[Start of Attachment]
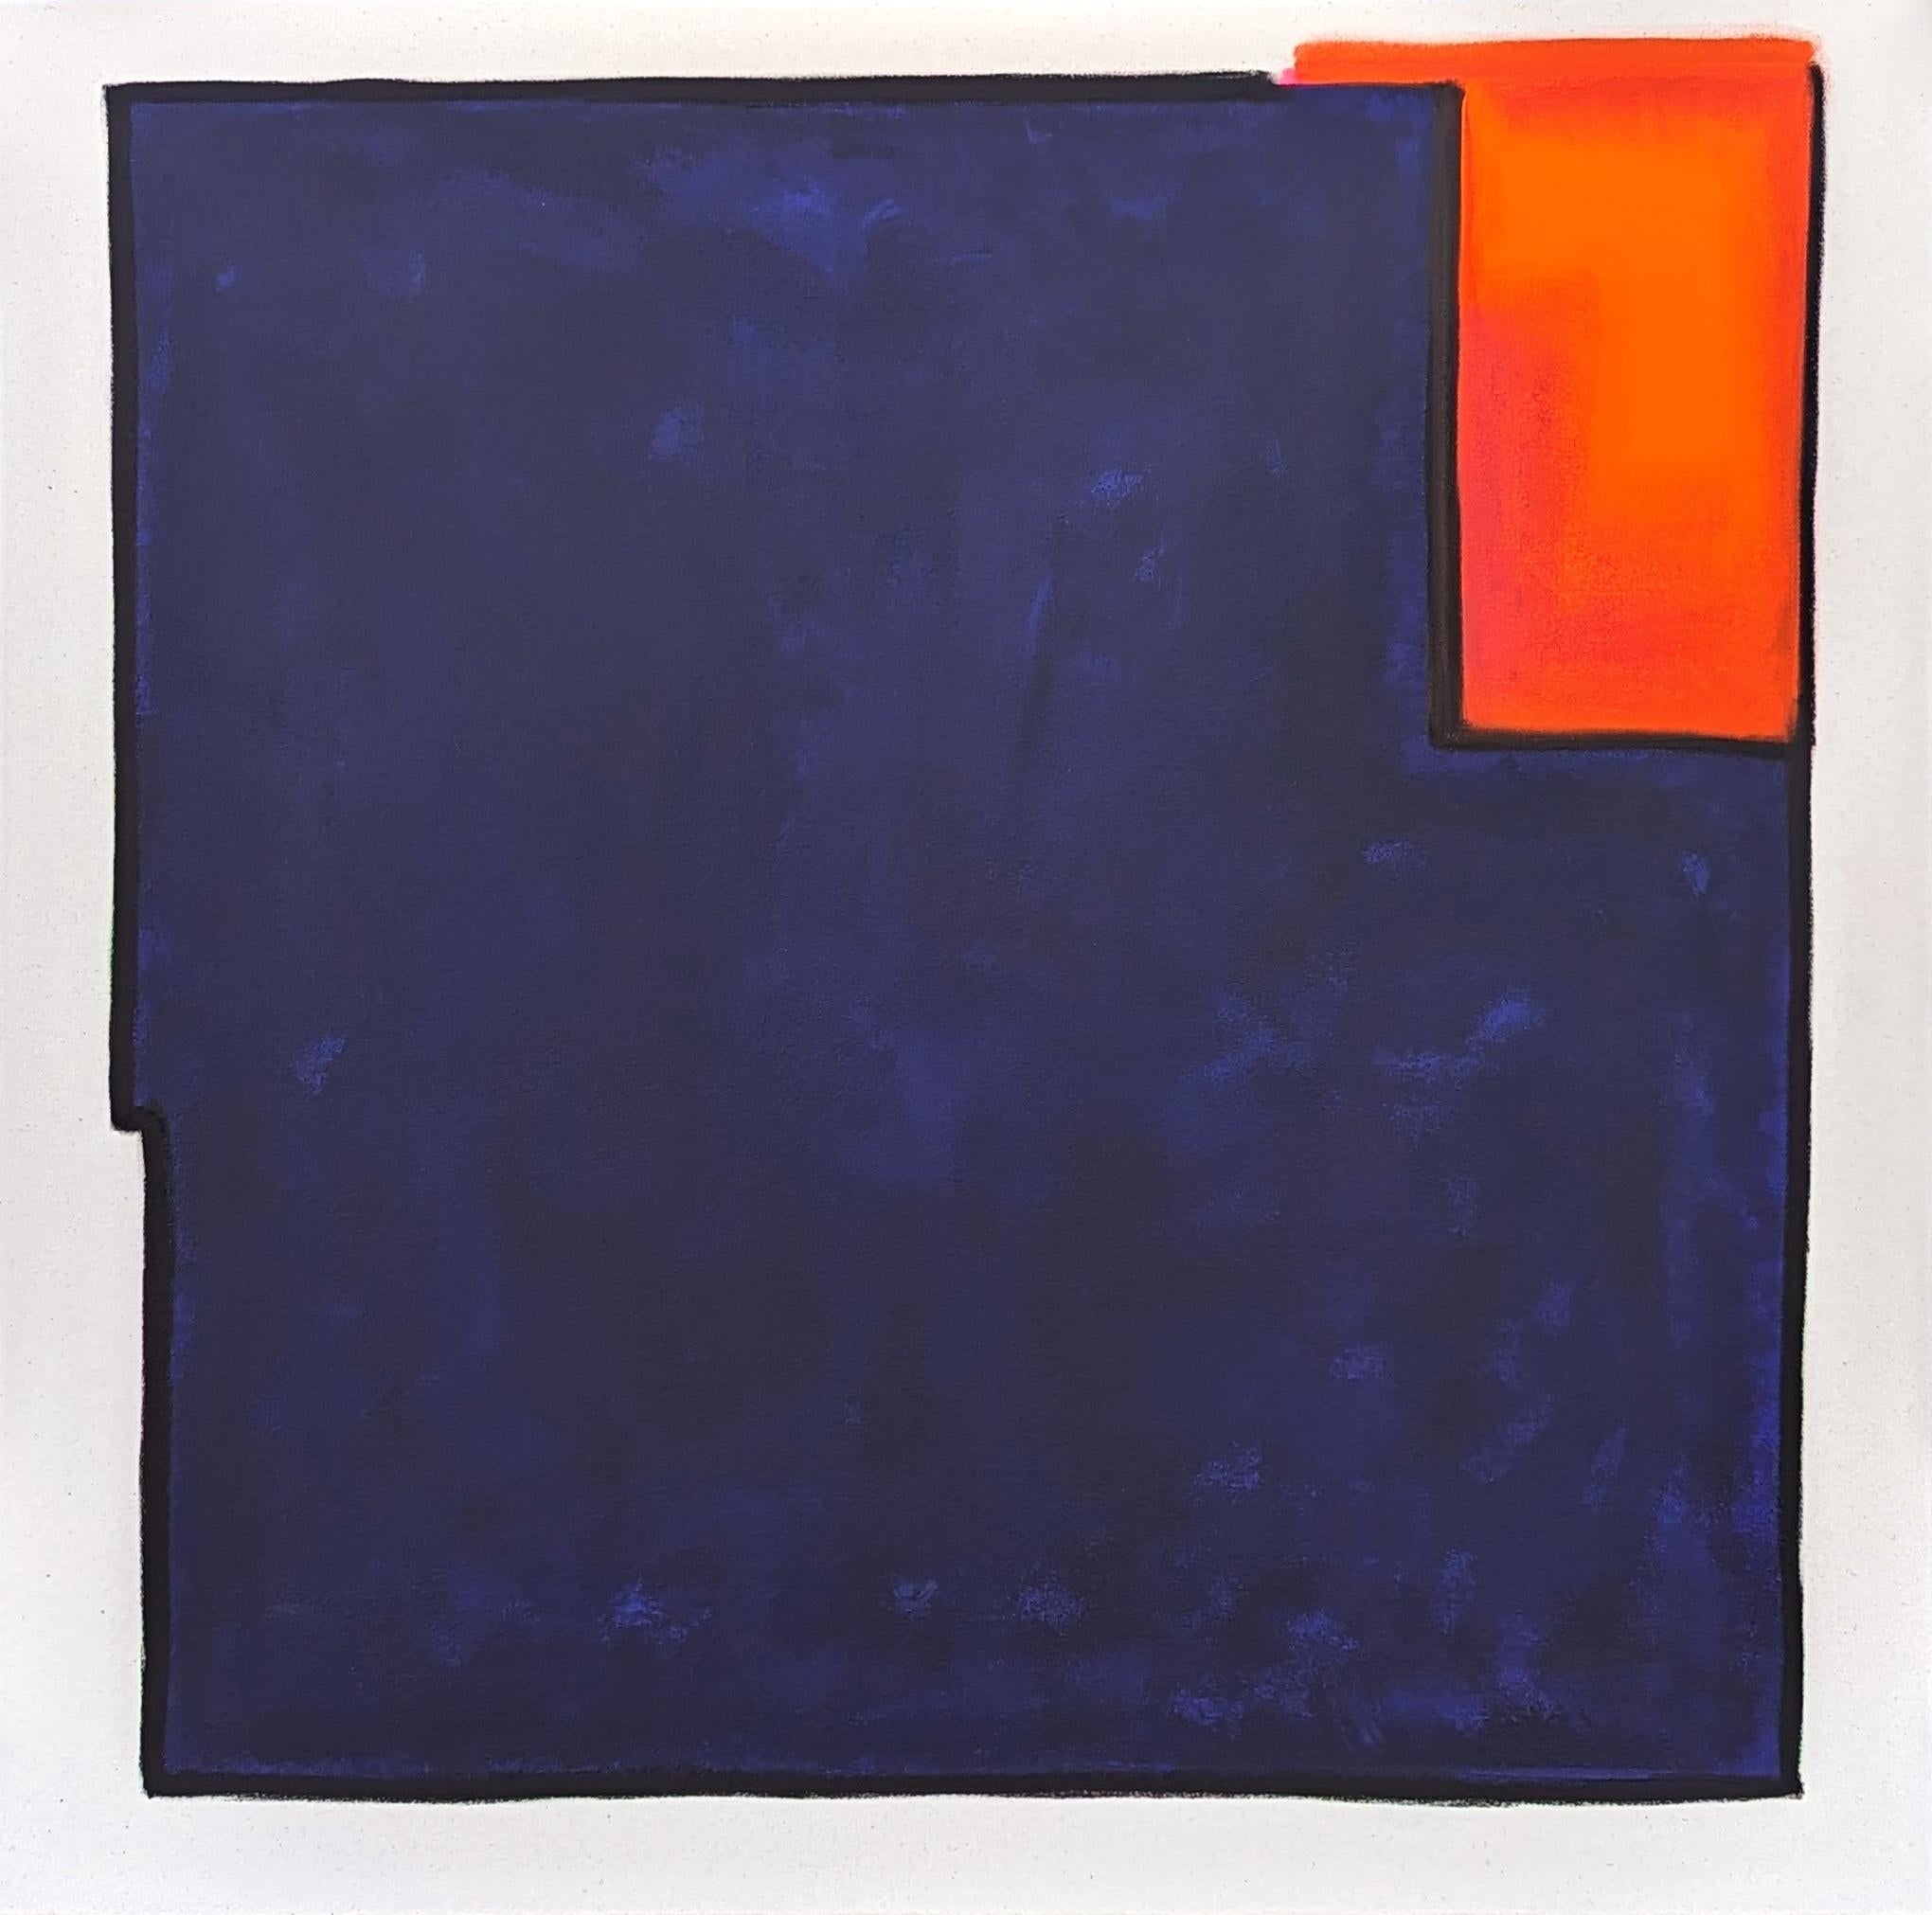 Gary Griffin Landscape Painting - "Mixed Use Development" Contemporary Orange & Blue Geometric Hard-Edge Painting
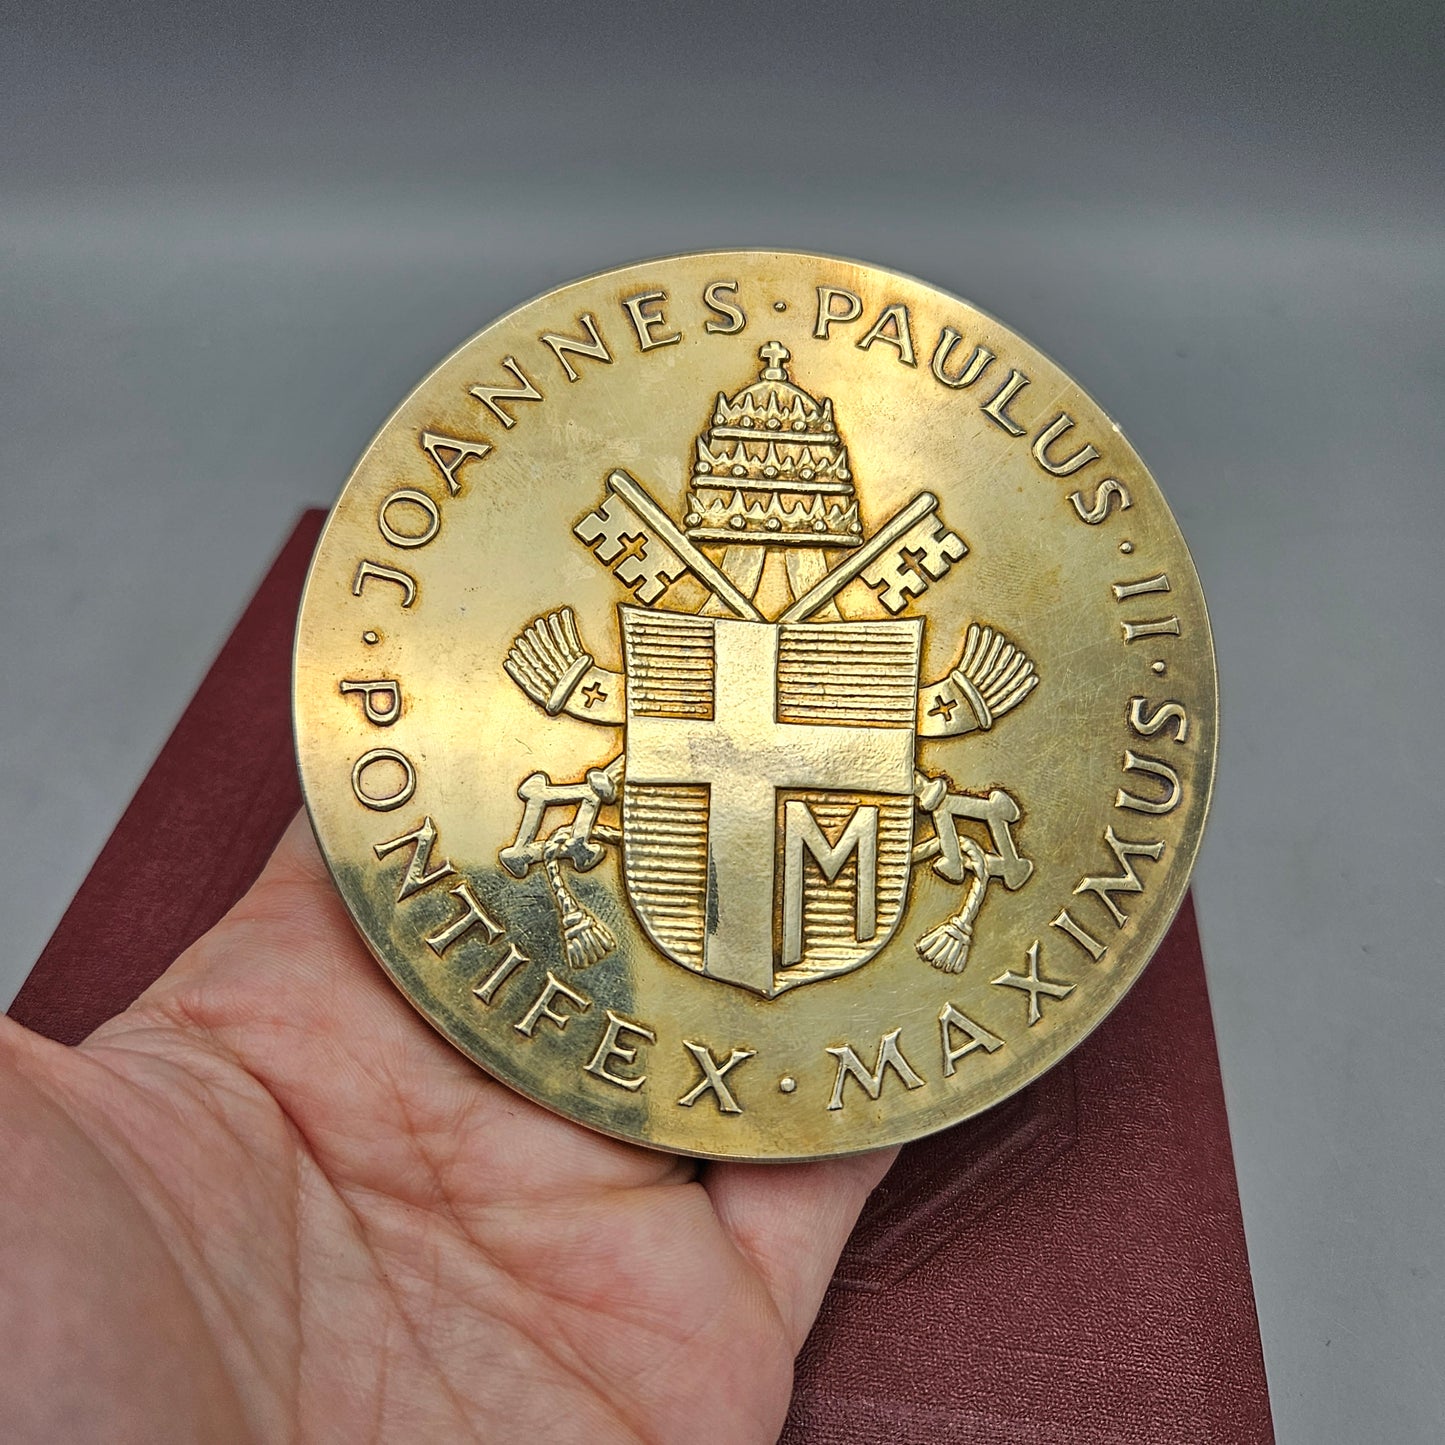 Pope John Paul Medal in Box
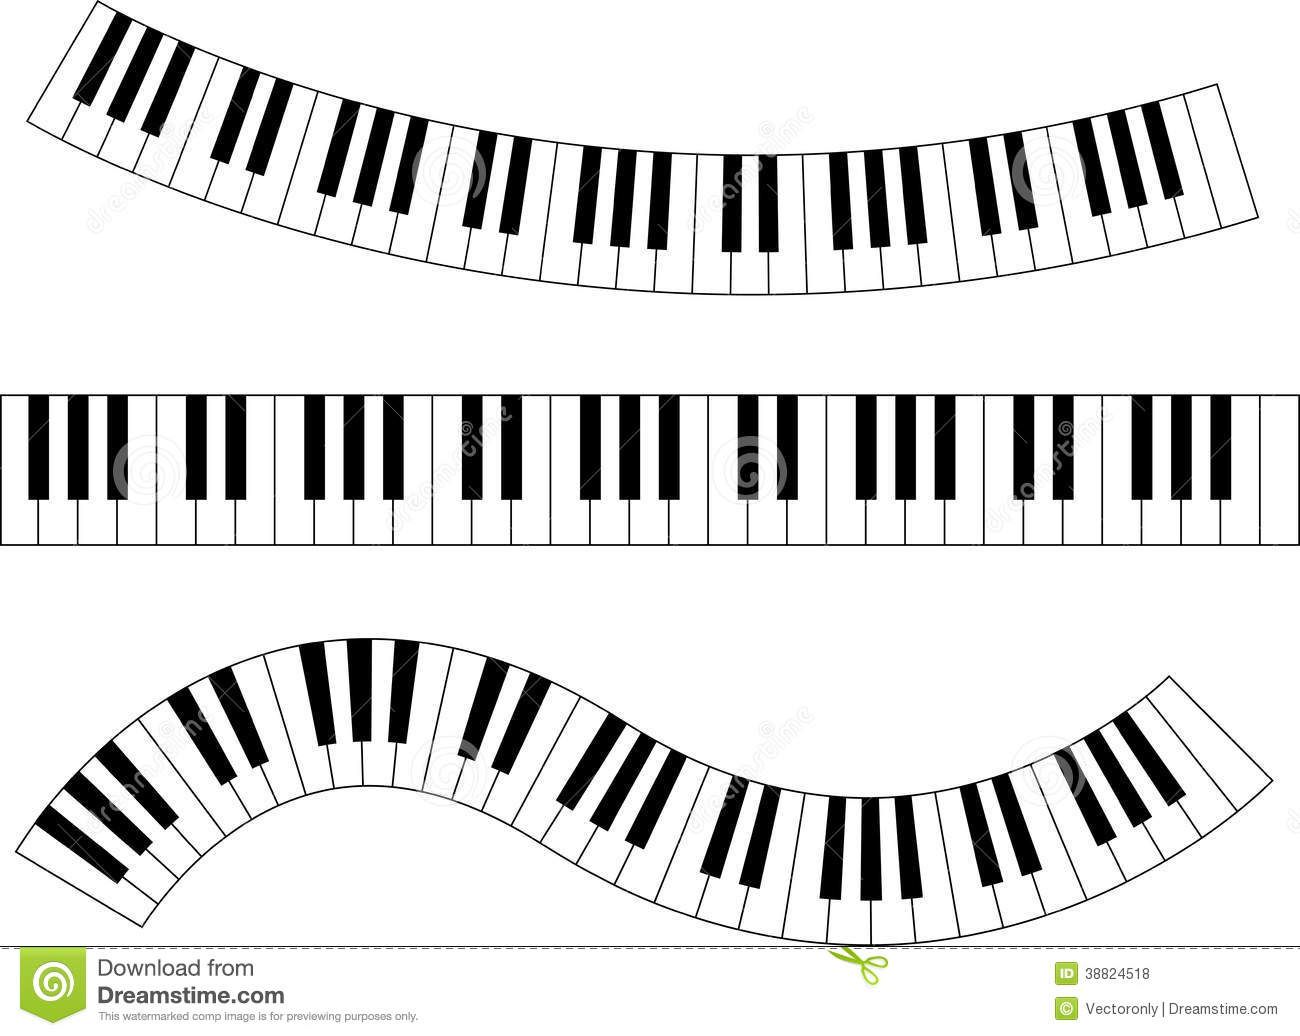 Wavy piano keyboard.
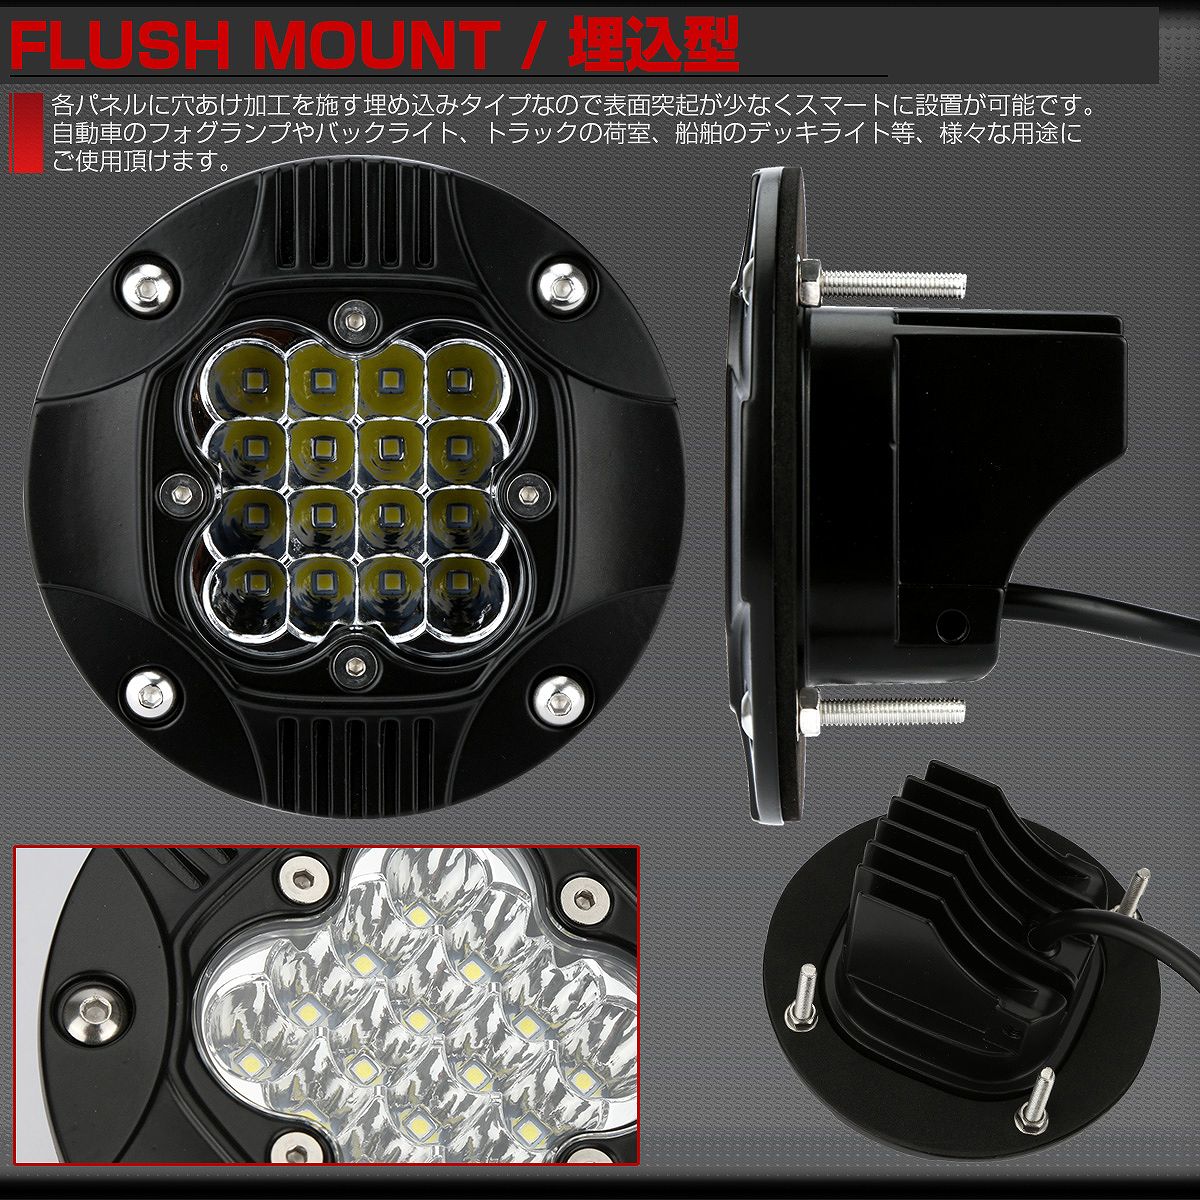 LED 作業灯 丸型 スポットライト 48W フォグランプ バックランプ 補助灯に フラッシュマウント型 12V/24V 防水IP67 P-538
[End of Attachment]
### Task statement
What is needed is an exact transcription of the lines from the one holding "Wavy piano keyboard." to the end of the data, with every picture left out.

### Output for this task
 Wavy piano keyboard.
 LED 作業灯 丸型 スポットライト 48W フォグランプ バックランプ 補助灯に フラッシュマウント型 12V/24V 防水IP67 P-538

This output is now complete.